YOUR ASSIGNMENT:
Transcribe all the data below exactly, leaving its pictures out.
┄┄┄┄┄┄
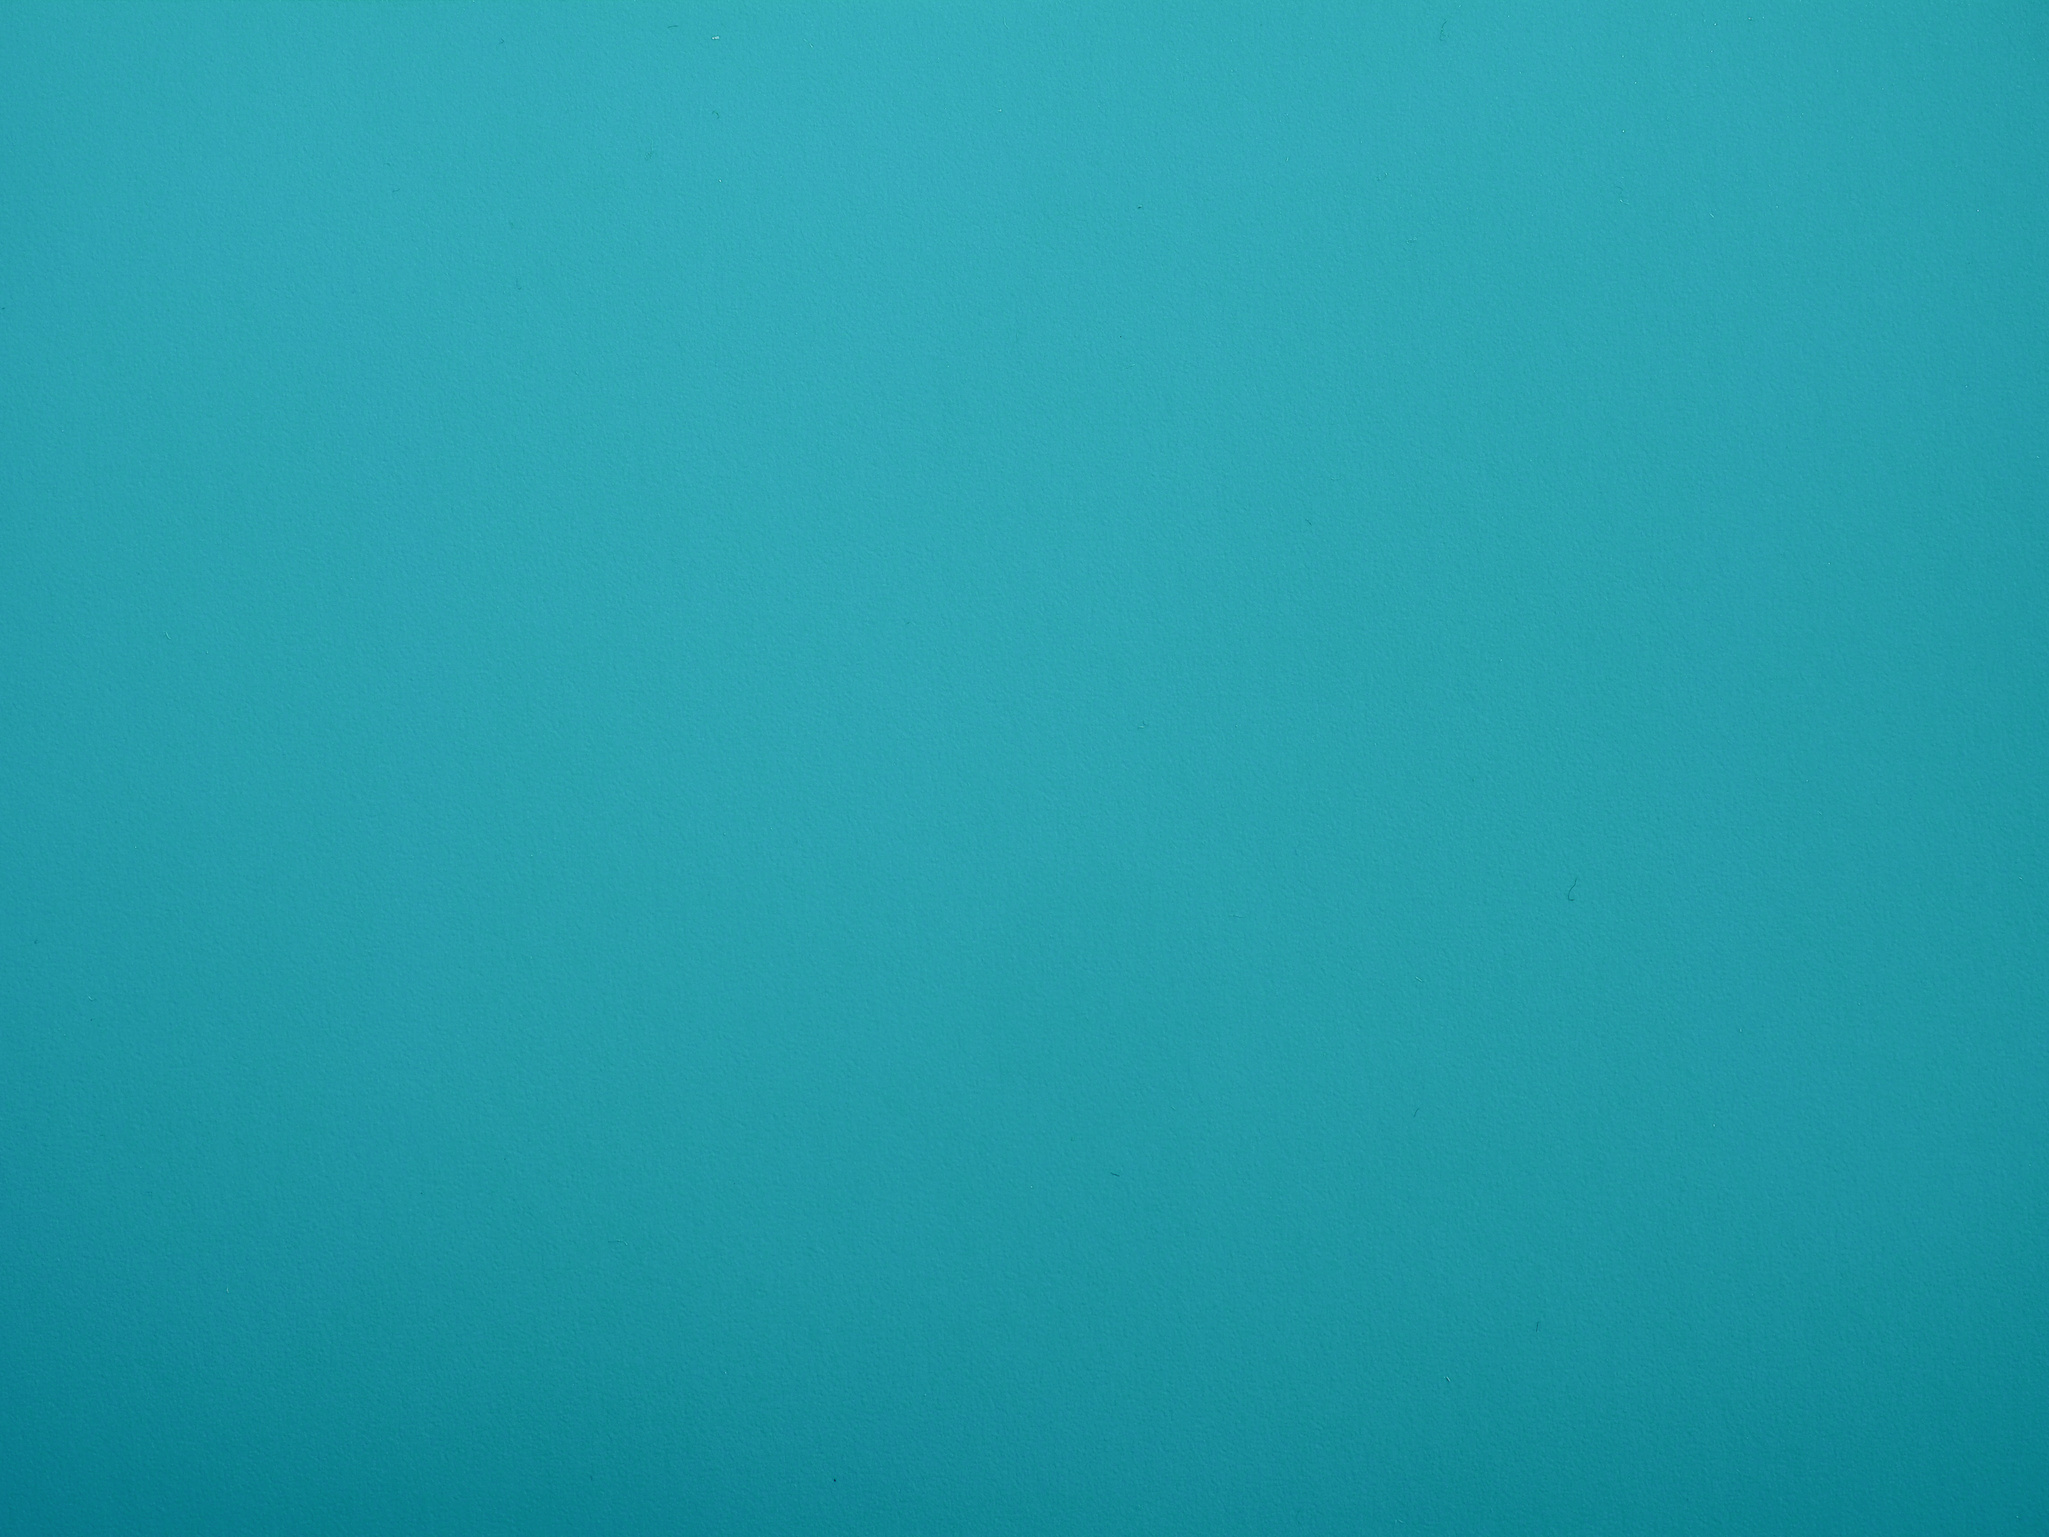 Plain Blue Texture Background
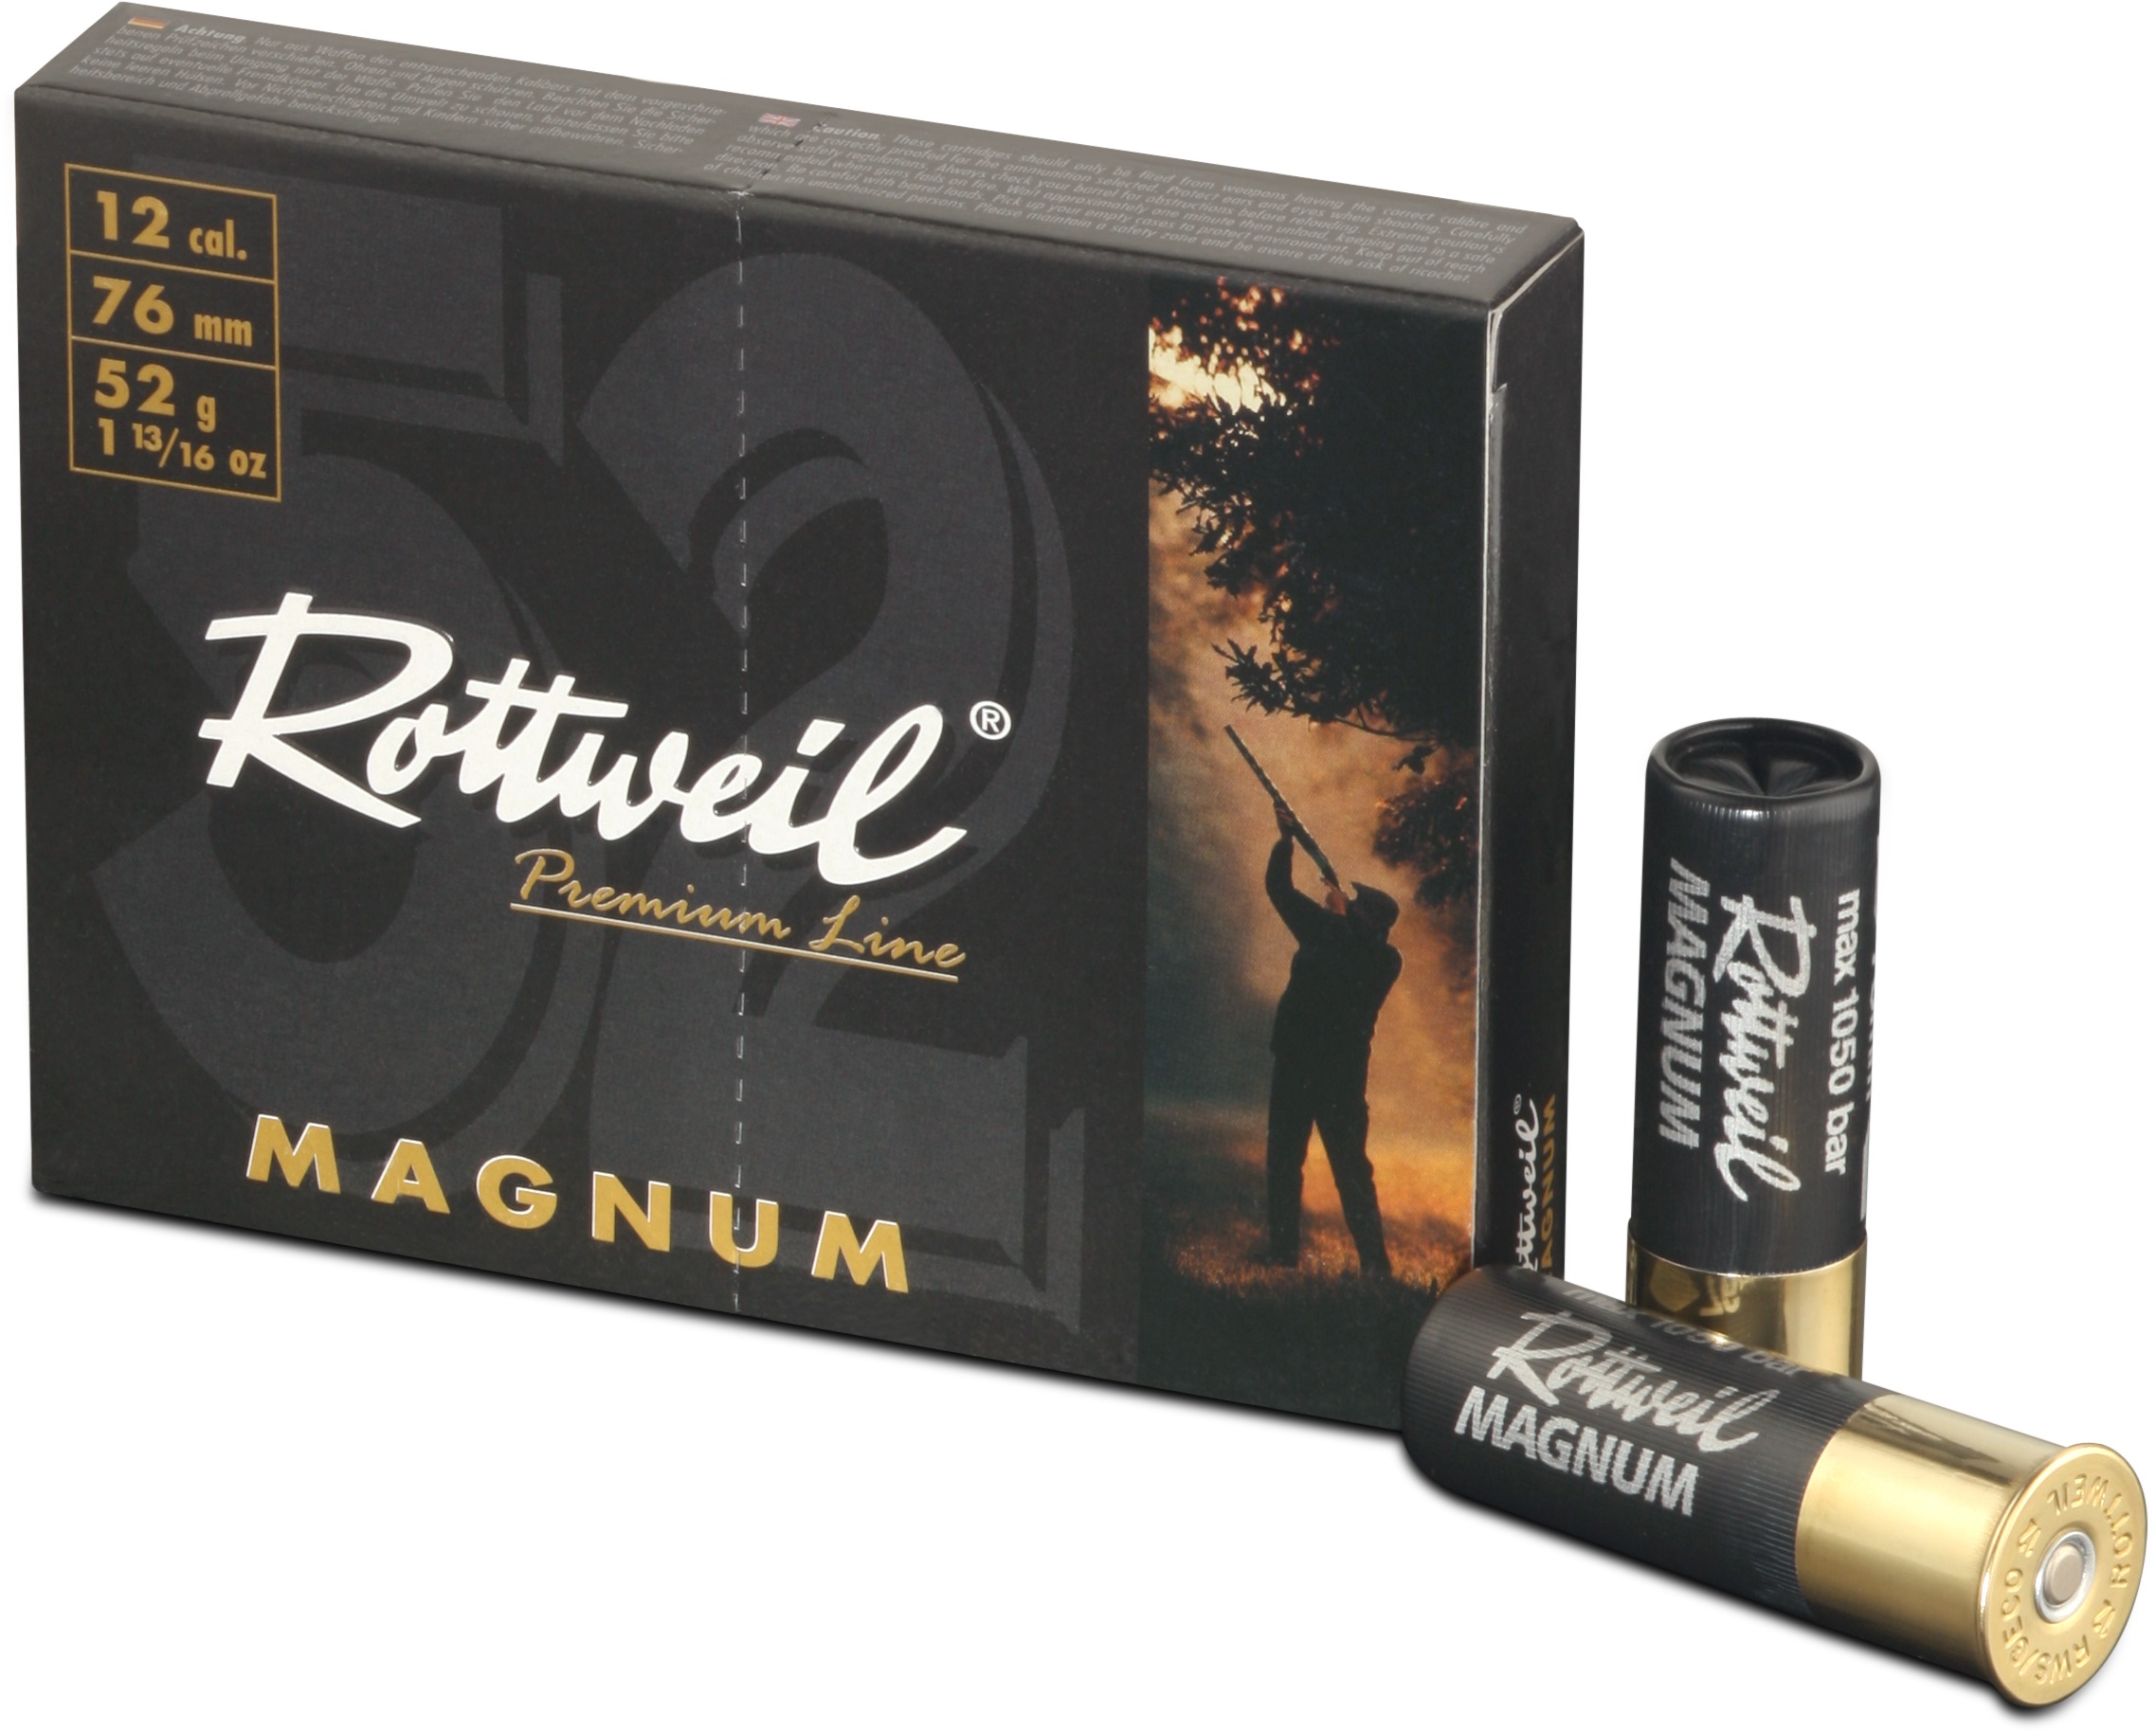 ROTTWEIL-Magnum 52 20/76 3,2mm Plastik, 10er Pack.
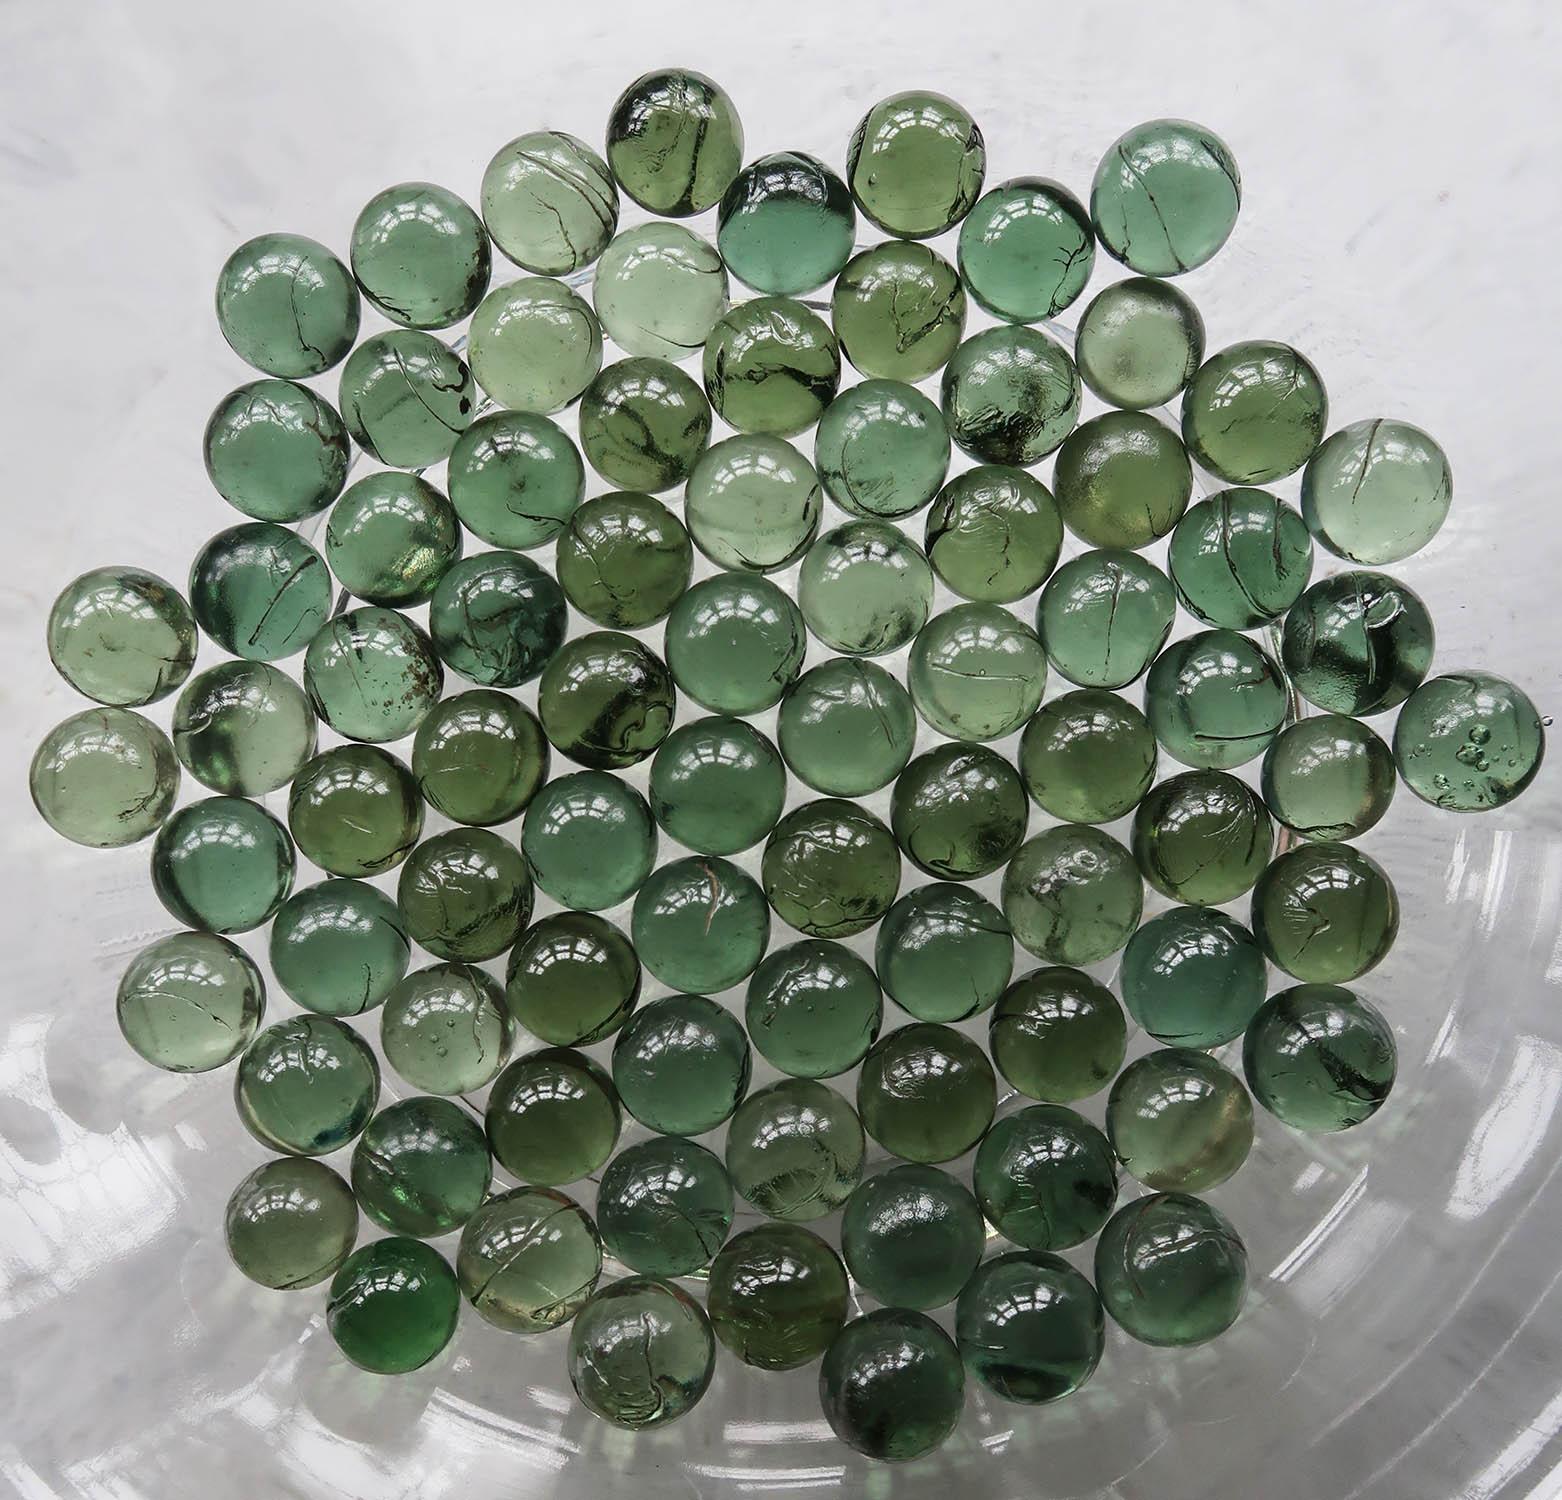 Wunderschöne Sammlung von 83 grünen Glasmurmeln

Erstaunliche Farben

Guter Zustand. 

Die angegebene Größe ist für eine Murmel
┄┄┄┄┄┄
REPLY:
 Plain Blue Texture Background
 ROTTWEIL-Magnum 52 20/76 3,2mm Plastik, 10er Pack.
 Wunderschöne Sammlung von 83 grünen Glasmurmeln

Erstaunliche Farben

Guter Zustand. 

Die angegebene Größe ist für eine Murmel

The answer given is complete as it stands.